SQL comparing two tables with common id but the id in table 2 could being in two different columns

Given the following SQL tables:
Administrators:
id Name rating
1 Jeff 48
2 Albert 55
3 Ken 35
4 France 56
5 Samantha 52
6 Jeff 50
Meetings:
id originatorid Assitantid
1 3 5
2 6 3
3 1 2
4 6 4
I would like to generate a table from Ken's point of view (id=3) therefore his id could be possibly present in two different columns in the meetings' table. (The statement IN does not work since I introduce two different field columns).
Thus the ouput would be:
id originatorid Assitantid
1 3 5
2 6 3
If you really just need to see which column Ken's id is in, you only need an OR. The following will produce your example output exactly.
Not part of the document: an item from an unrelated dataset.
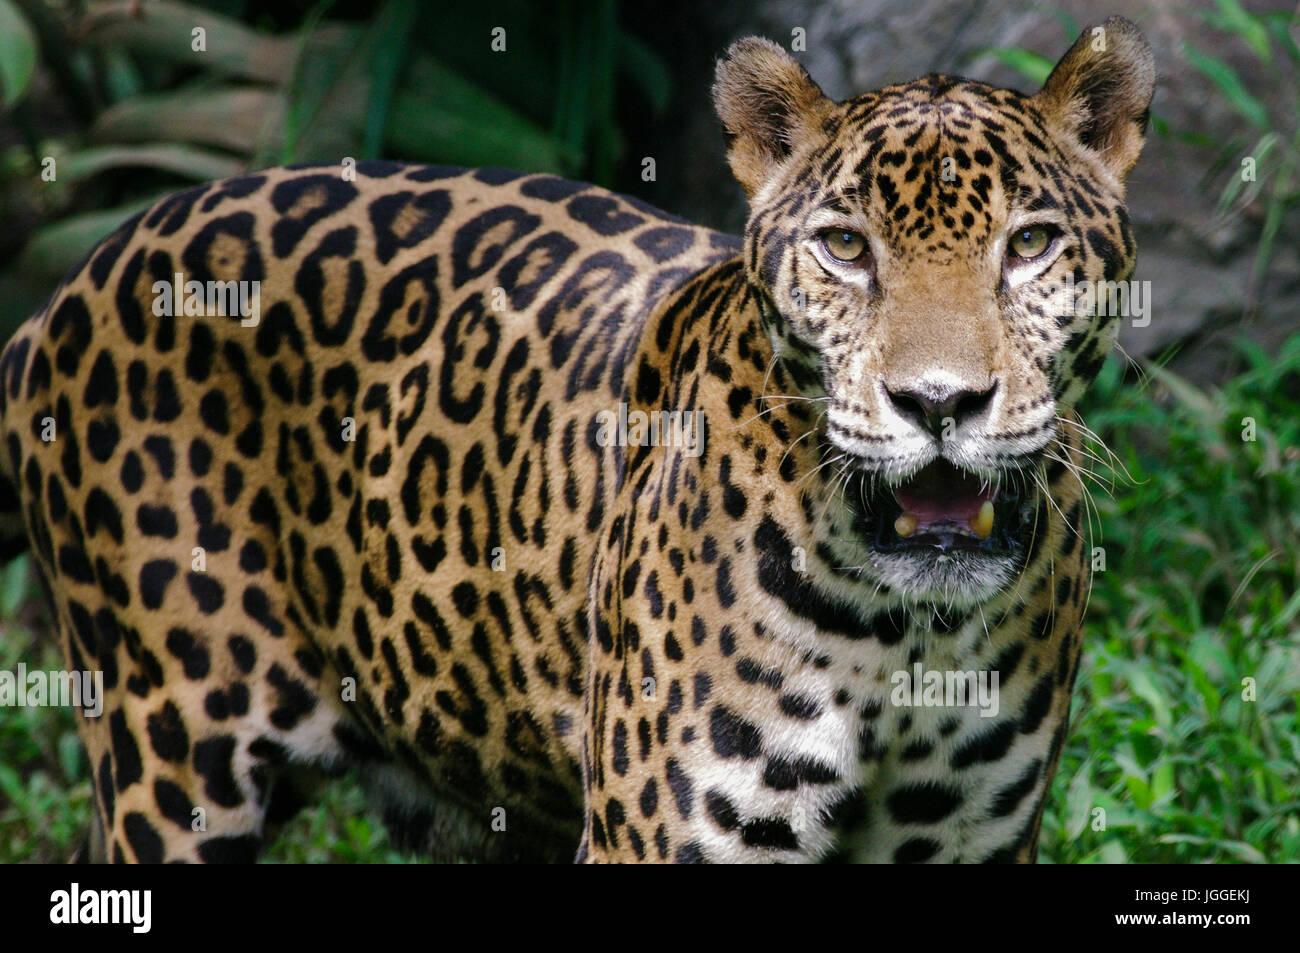 81110cf9e14 Big wild cat jaguar Panthera onca wildlife image taken in Panama - Stock  Image

SELECT * FROM Meetings WHERE originatorid = 3 OR Assistantid = 3;
If you need to take the complex route and list names along with meetings, an OR in your join's ON clause should work here:
SELECT
Administrators.name,
Administrators.id,
Meetings.originatorid,
Meetings.Assistantid
FROM Administrators
JOIN Meetings
ON Administrators.id = Meetings.originatorid
OR Administrators.id = Meetings.Assistantid
Where Administrators.name = 'Ken'